■ **SOURCE DATA**:

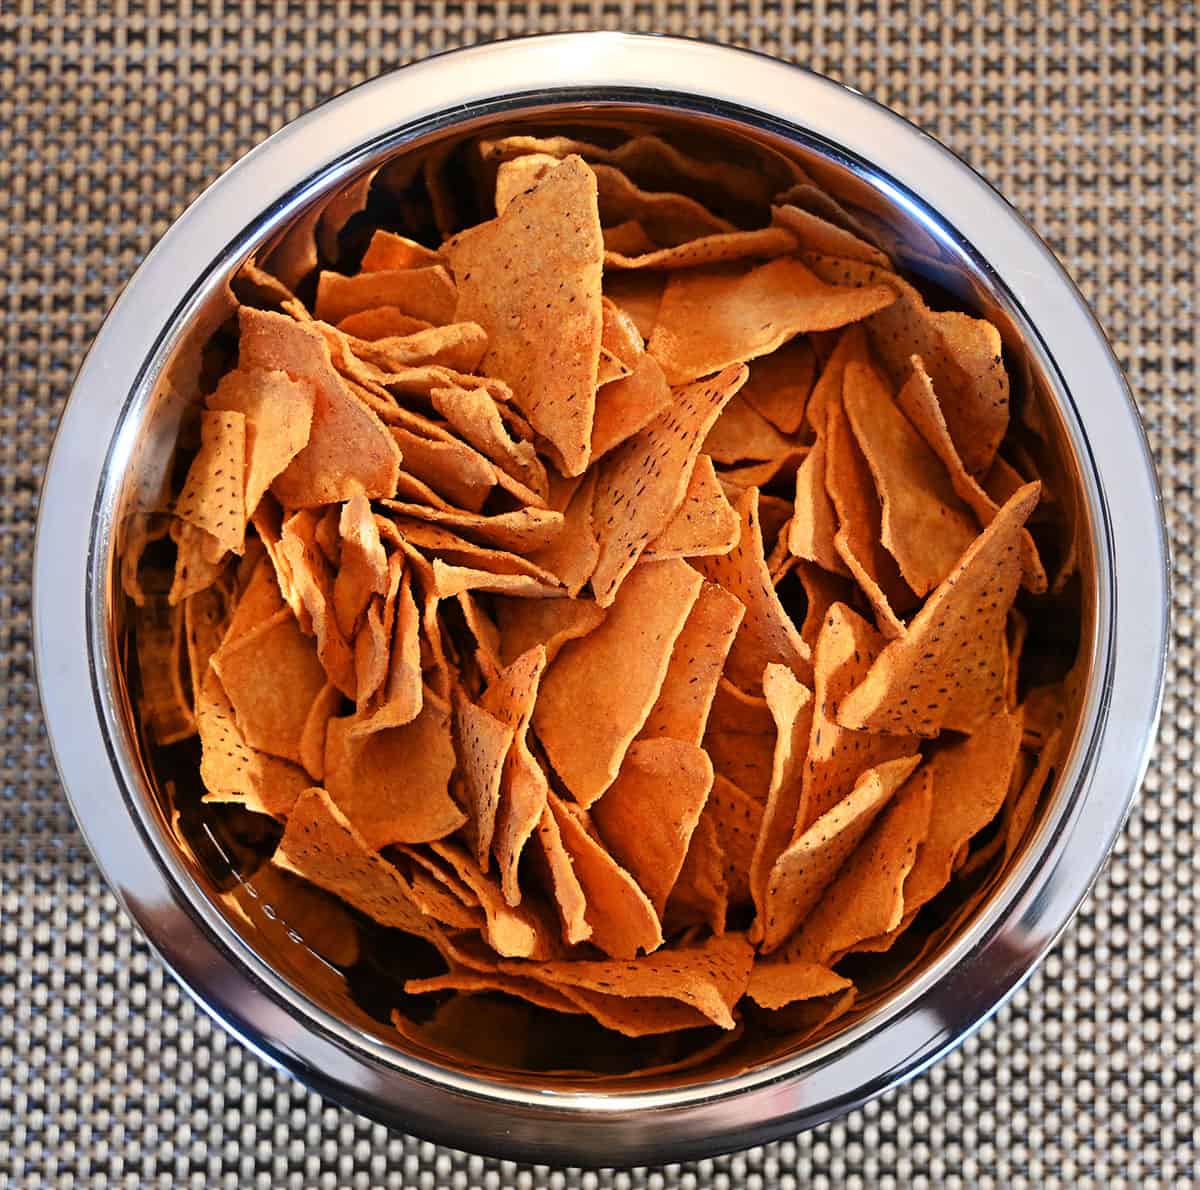 Top down image of a bowl full of chips sitting on a table.
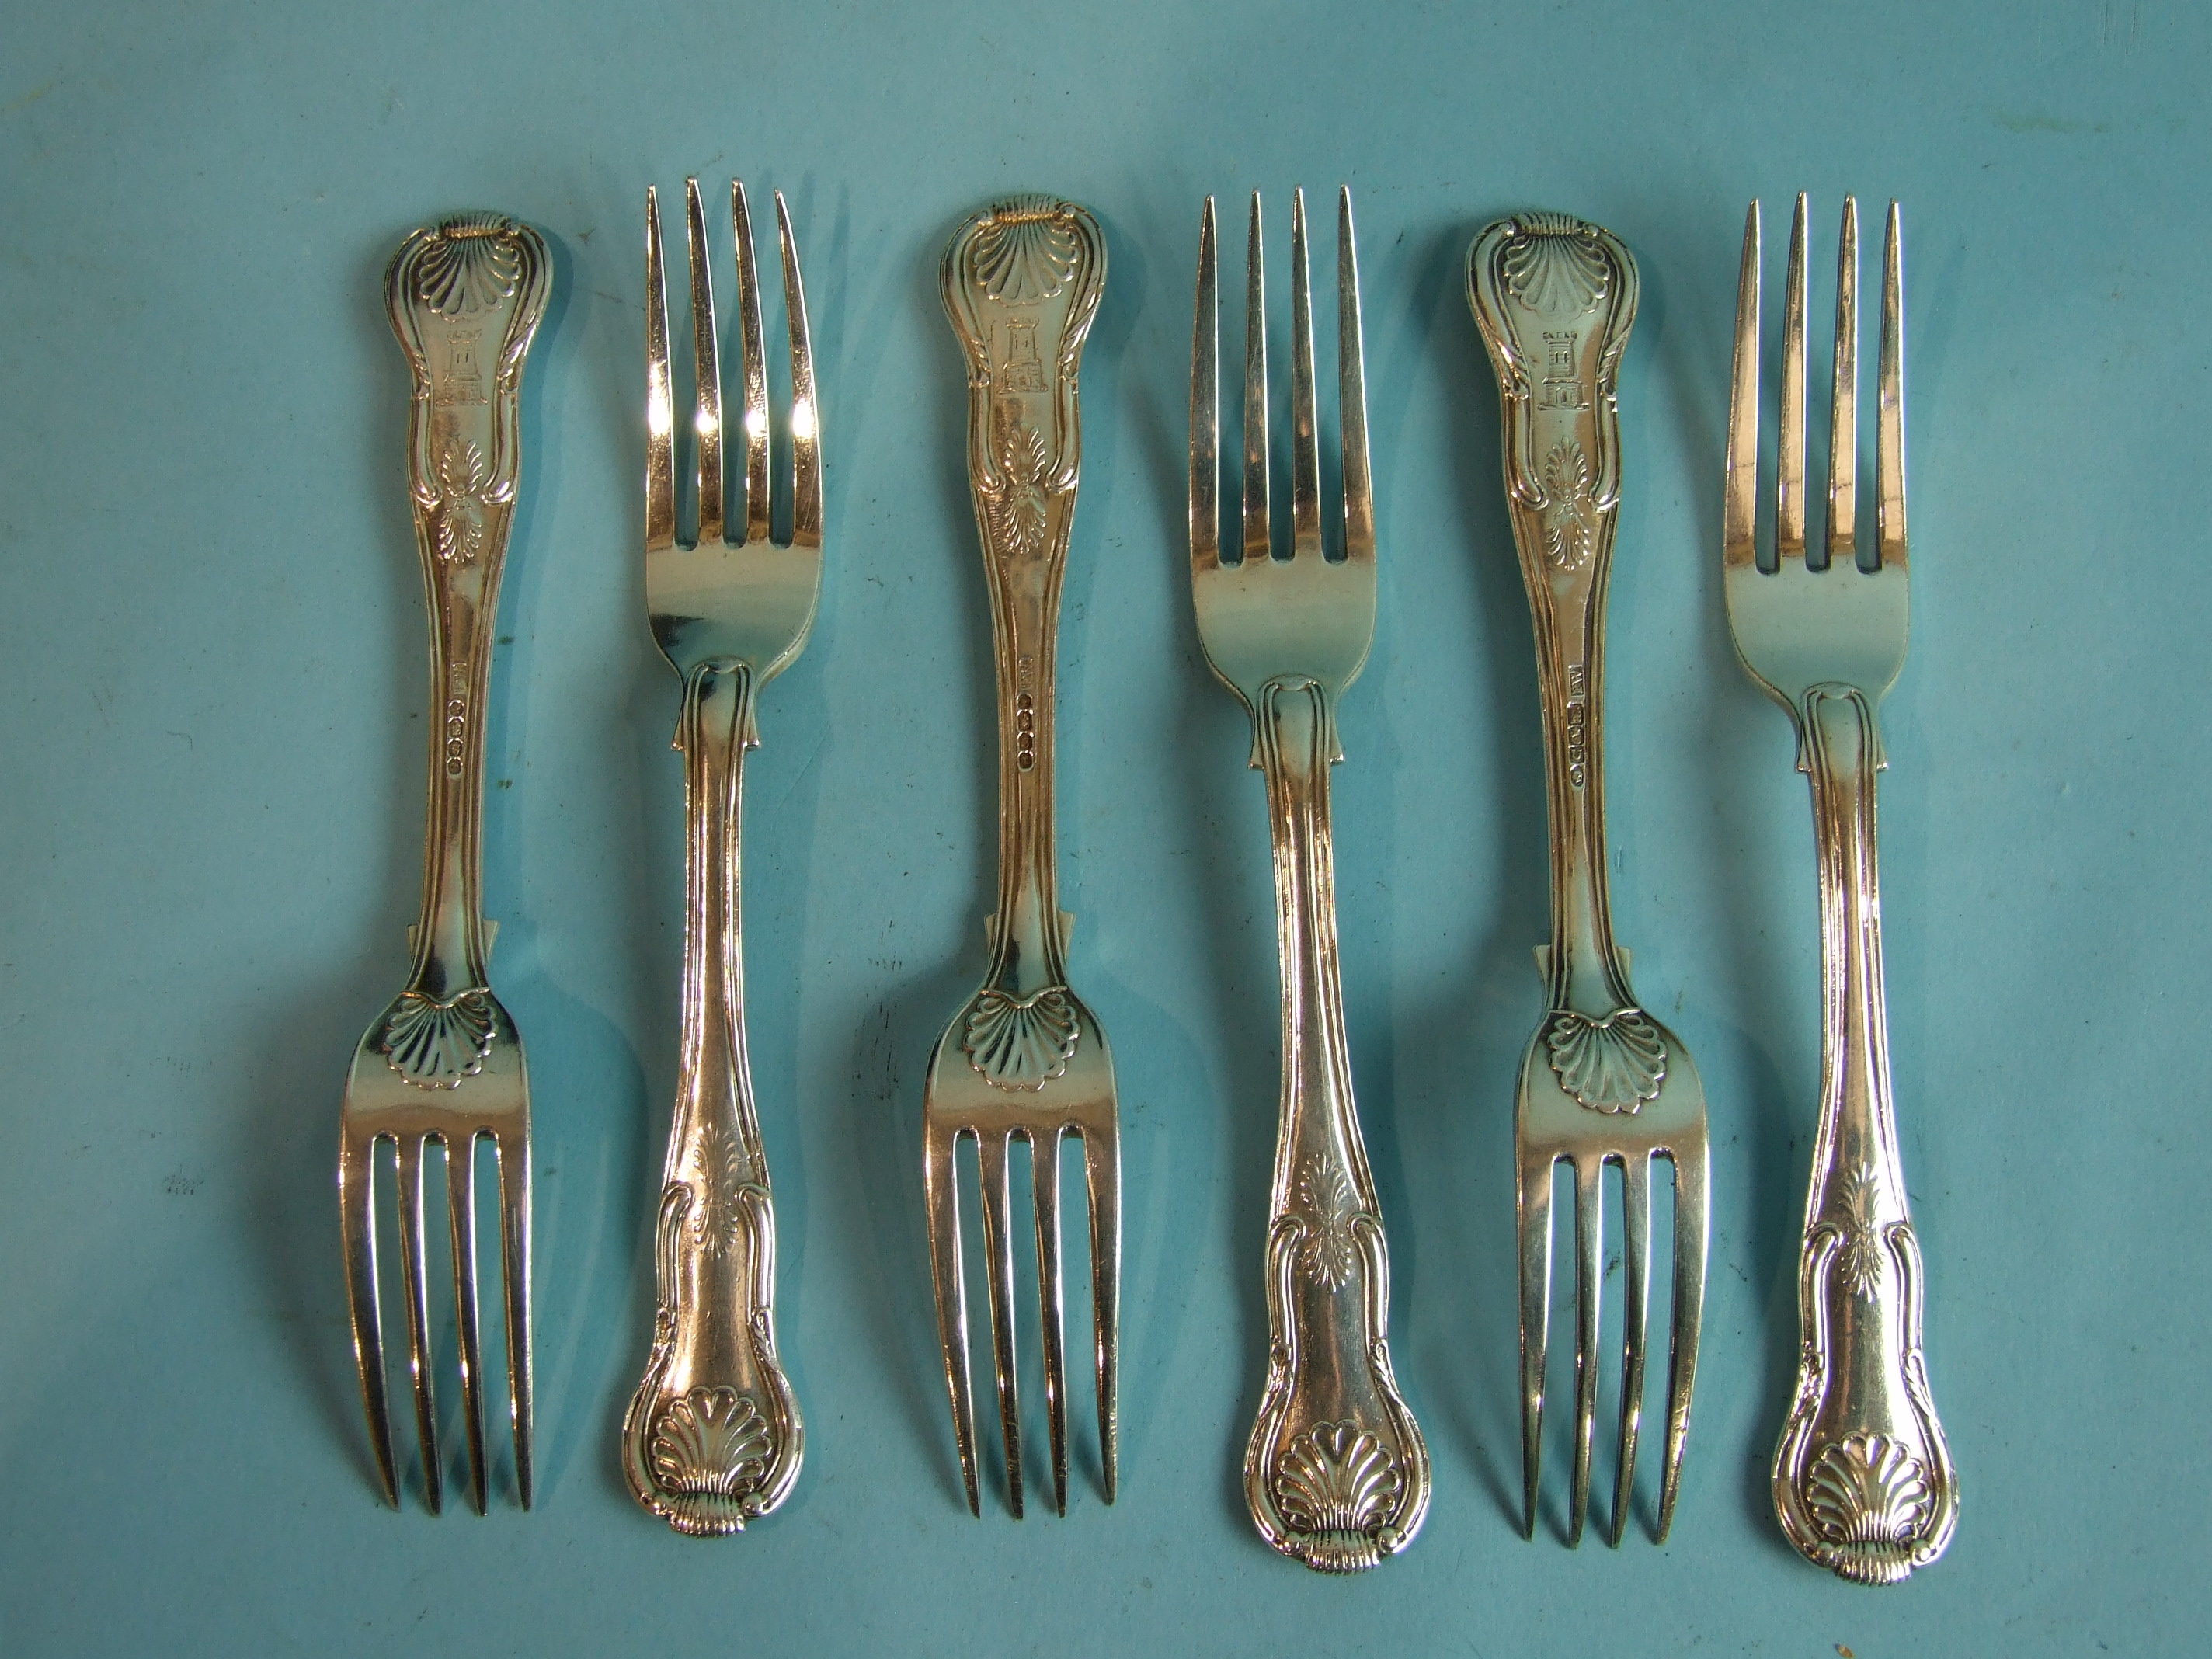 A set of six Irish king's pattern dessert forks, Dublin 1839, maker Philip Weekes, with castle - Image 2 of 2
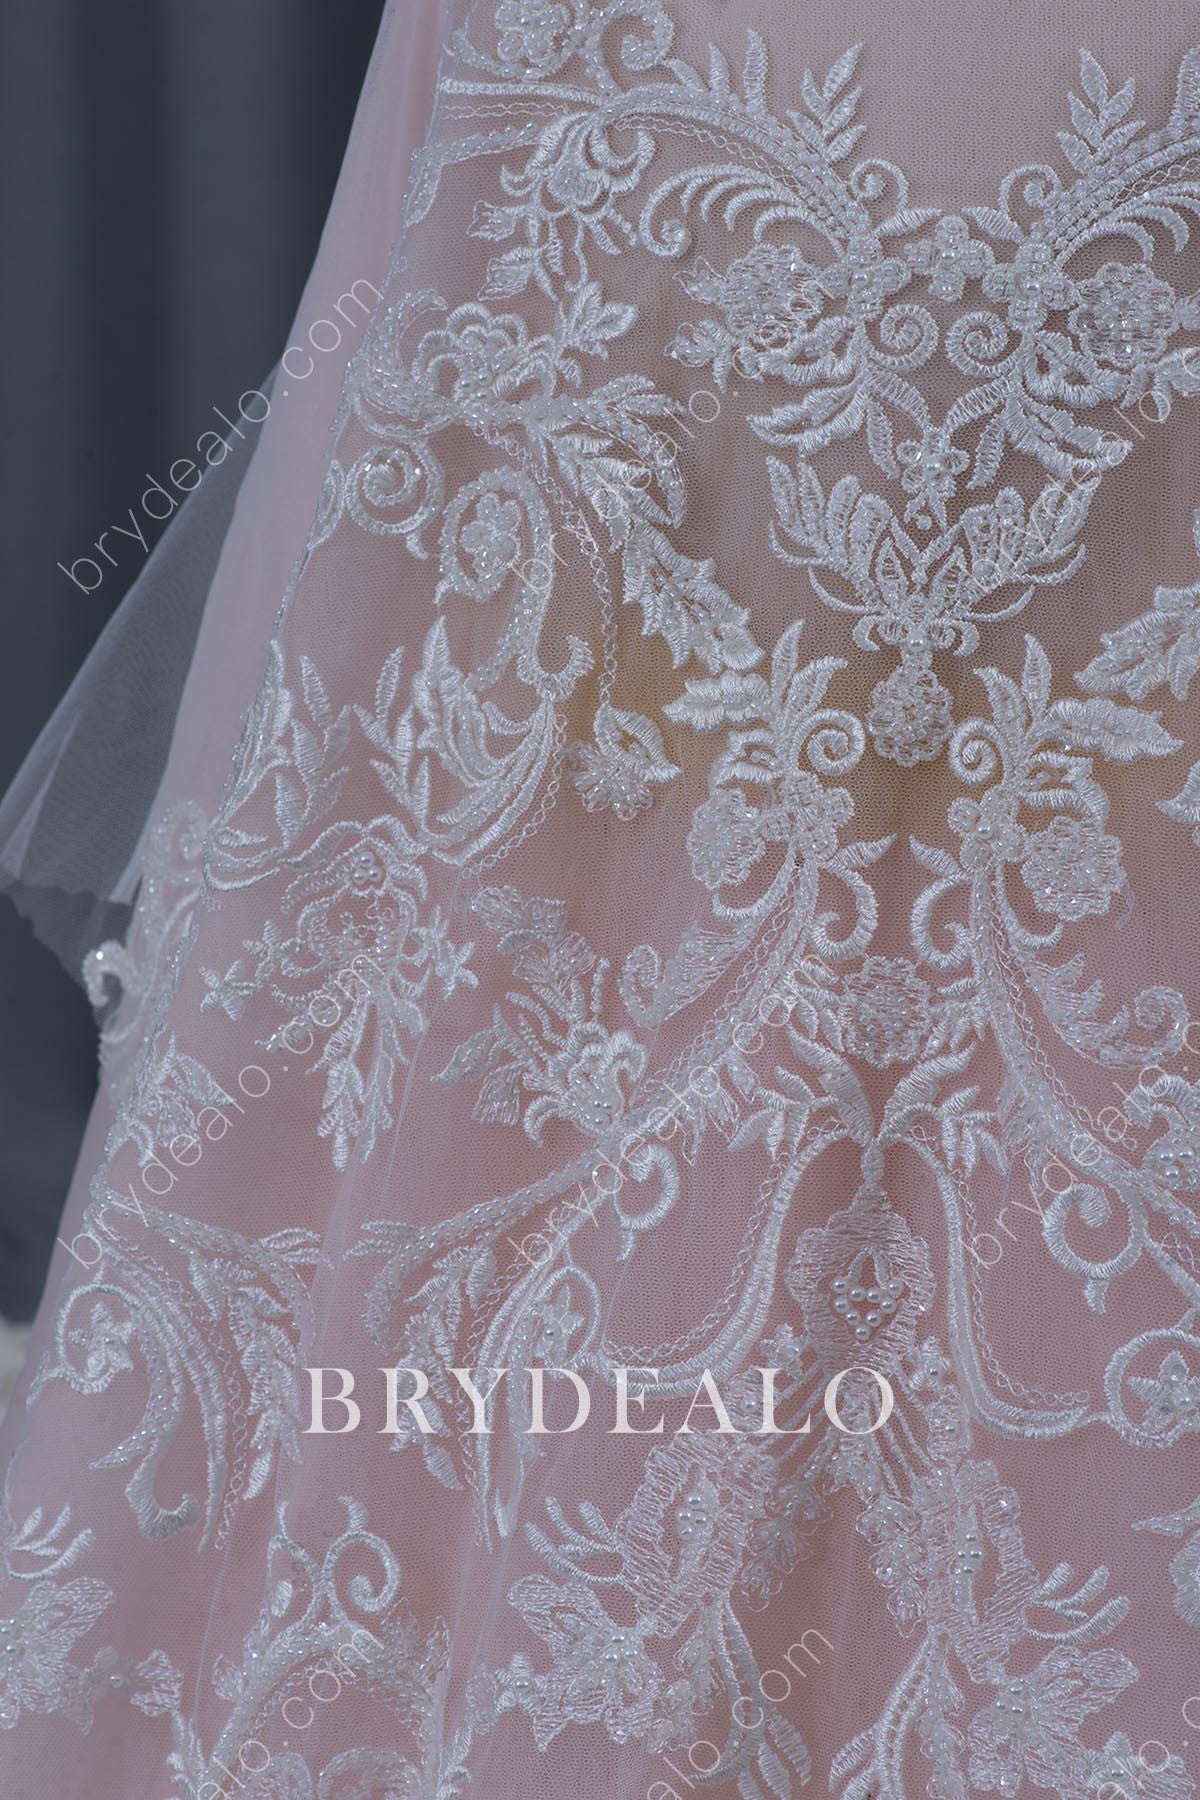 Best Pearls Beaded Cording Lace Fabric Online

■ **INSTRUCTIONS FOR THE TASK**: Give again, word for word, only the lines from the line containing "A set of six" through the last line above, both included; leave the pictures out.

■ **ANSWER FOR THIS EXERCISE**:
 A set of six Irish king's pattern dessert forks, Dublin 1839, maker Philip Weekes, with castle - Image 2 of 2
 Best Pearls Beaded Cording Lace Fabric Online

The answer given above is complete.